Uit de gang van zaken zoals die volgt uit voornoemd proces-verbaal alsmede uit de toelichting van de rechter blijkt dat zowel verzoekster als haar wederpartij uitgebreid het woord hebben kunnen voeren en dat zij beiden door de rechter kritisch zijn bevraagd. Verder kan uit de inhoud van dit proces-verbaal noch uit hetgeen namens verzoekster over het verloop van de mondelinge behandeling op 10 december 2021 naar voren is gebracht, worden afgeleid dat sprake is geweest van (processuele) bevoordeling van de wederpartij of benadeling van verzoekster door de rechter.
3.5.
Voorts is niet gebleken dat tijdens de mondelinge behandeling op 10 december 2021 het beginsel van hoor en wederhoor is geschonden.
Daartoe overweegt de wrakingskamer dat het beginsel van hoor en wederhoor – onder
meer – vereist dat de in rechte betrokken partijen kennis kunnen nemen van en zich kunnen uitlaten over alle gegevens en bescheiden die in het geding worden gebracht en zijn bedoeld om het oordeel van de rechter te beïnvloeden.
De rechter heeft tijdens de mondelinge behandeling op 10 december 2021 melding gemaakt van de omstandigheid dat er anonieme post uit de omgeving van de vrouw is binnengekomen die niet goed uitpakt voor de vrouw. De rechter heeft vervolgens expliciet meegedeeld dat hij deze post buiten beschouwing laat en dat deze stukken níet worden meegenomen in het dossier. De rechter heeft eveneens opgemerkt dat ook uit de vele andere stukken uit het dossier, waaronder het 26 pagina’s tellende rapport van Veilig Thuis, een ander beeld van verzoekster blijkt dan in het verweerschrift wordt geschetst. De rechter geeft toe dat de woordkeuze “ook” wellicht wat ongelukkig is gekozen.

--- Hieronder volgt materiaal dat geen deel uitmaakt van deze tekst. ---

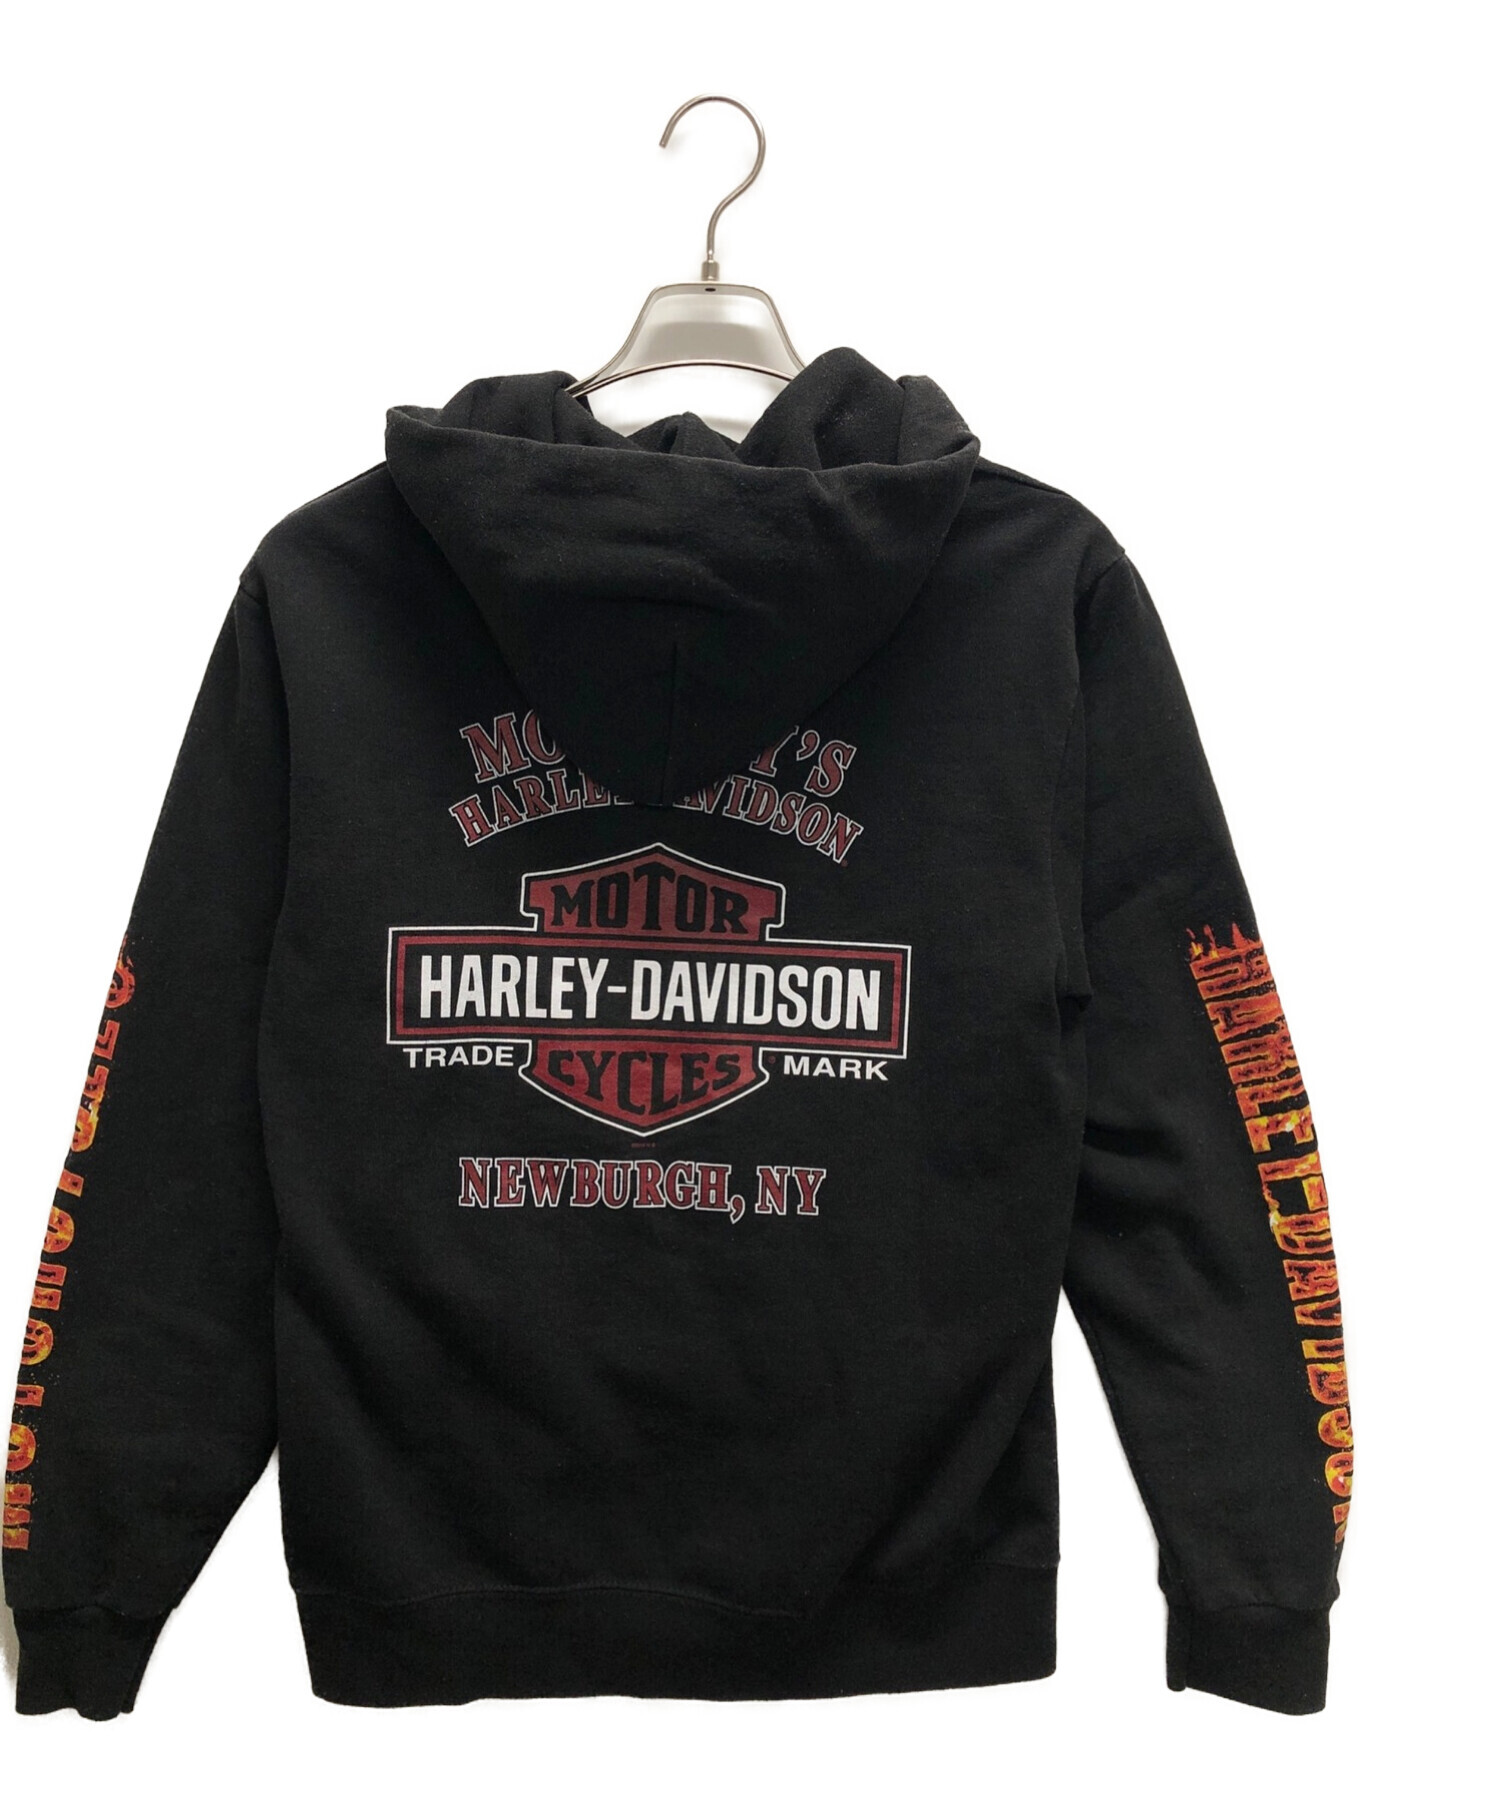 HARLEY-DAVIDSON (ハーレーダビッドソン) ジップパーカー ブラック サイズ:S
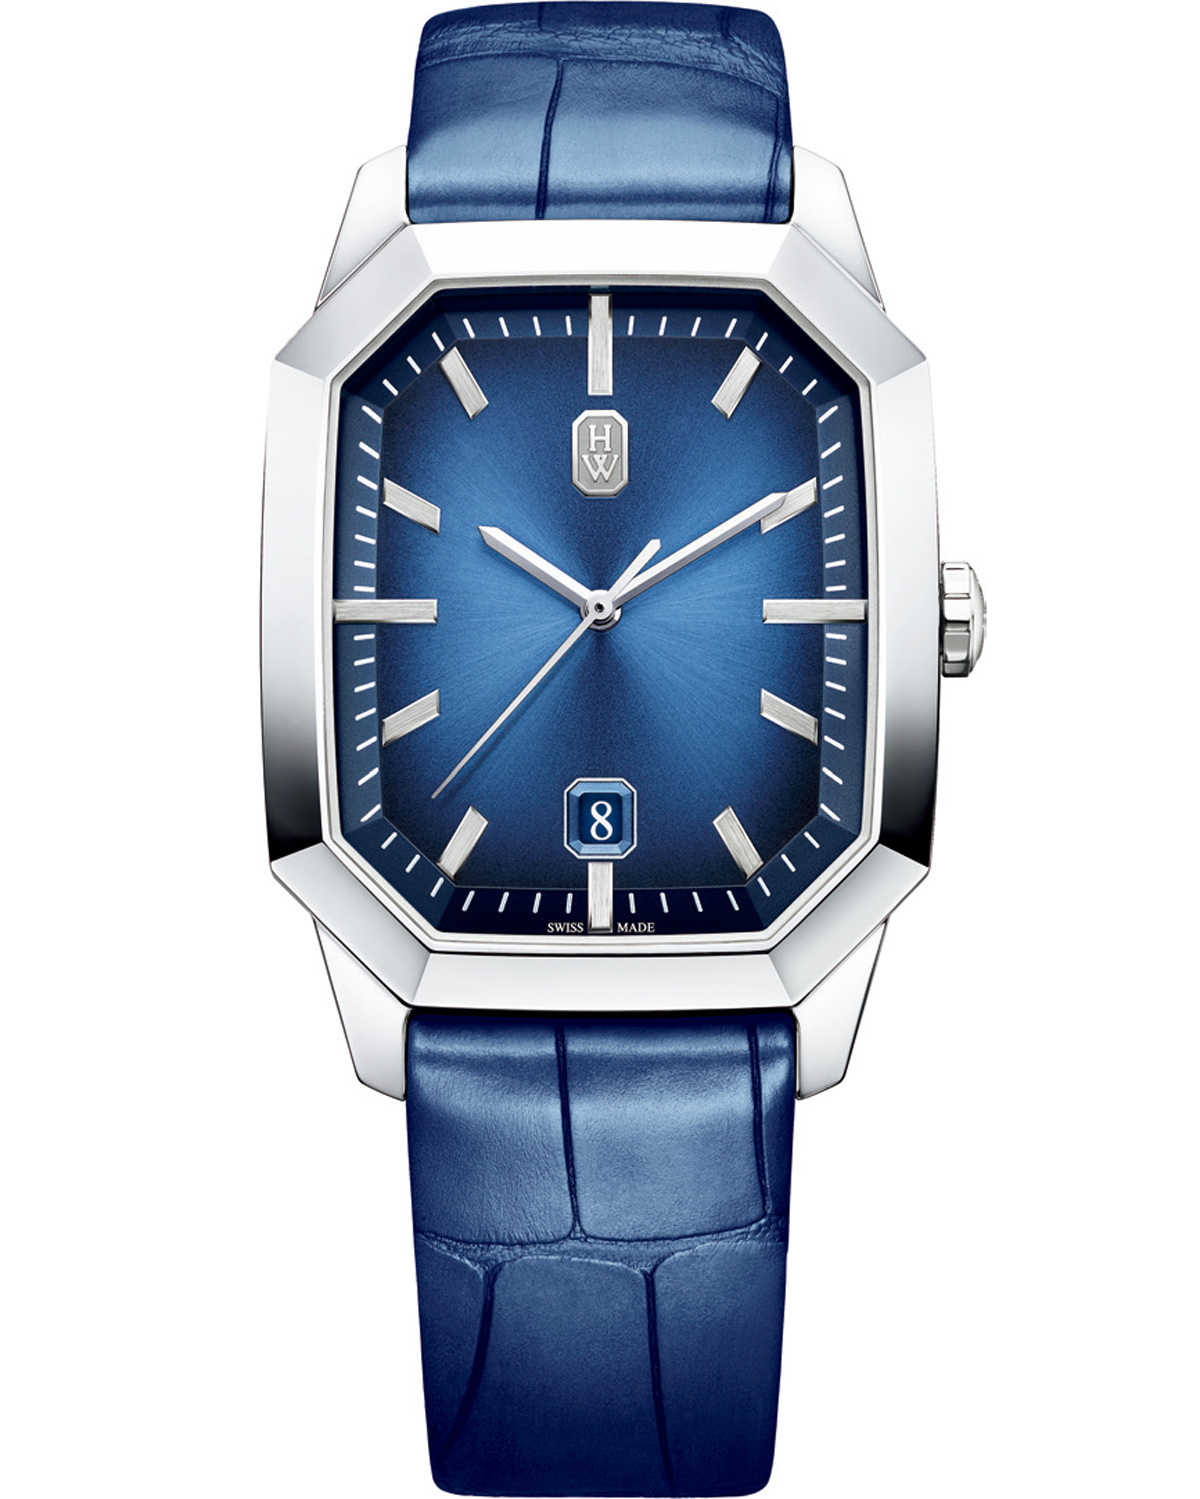 お求めやすく価格改定 ♢即購入OK♢ ❁ᴗ͈ˬᴗ͈ ミリターリービジネス腕時計ブルー青 30m防水

Hoewel voorstelbaar is dat voornoemde gang van zaken bij verzoekster wellicht heeft geleid tot een unheimisch gevoel, is daarmee nog geen sprake van een schending van het beginsel van hoor en wederhoor. Immers, de anonieme post maakt geen onderdeel uit van het dossier, de rechter hoefde partijen daarover dus niet te horen en die post heeft het oordeel van de rechter niet beïnvloed.
De rechter heeft een naar het oordeel van de wrakingskamer een evenwichtige tussenbeslissing genomen. Concrete feiten waaruit de wrakingskamer de objectief gerechtvaardigde vrees voor vooringenomenheid van de rechter kan afleiden, waardoor de rechter (zoals verzoekster stelt) geen onbevooroordeelde/onpartijdig (eind)beslissing meer kan nemen, ontbreken.
3.6.
Het verzoek moet dan ook ongegrond worden verklaard.

4.De beslissing

De wrakingskamer:
  • verklaart het verzoek tot wraking ongegrond;
  • bepaalt dat de hoofdzaak (met registratienummer C/18/208374 / FA RK 21-2936) wordt voortgezet in de stand waarin deze zich ten tijde van het indienen van het verzoek tot wraking bevond;
  • beveelt onverwijlde mededeling van deze beslissing aan verzoekster en haar advocaat mr. Peeters, de rechter mr. H.L. Stuiver, alsmede de belanghebbende [naam 1] en zijn advocaat mr. M. Wierts.
Deze beslissing is gegeven door de mrs. J. de Vroome, voorzitter, mr. F.P. Dresselhuys-Doeleman en mr. A.S. Venema-Dietvorst in tegenwoordigheid van de griffier m. H. Wachtmeester-Koning en in openbaar uitgesproken op 24 februari 2022.
de griffier de voorzitter
Tegen deze beslissing staat geen rechtsmiddel open.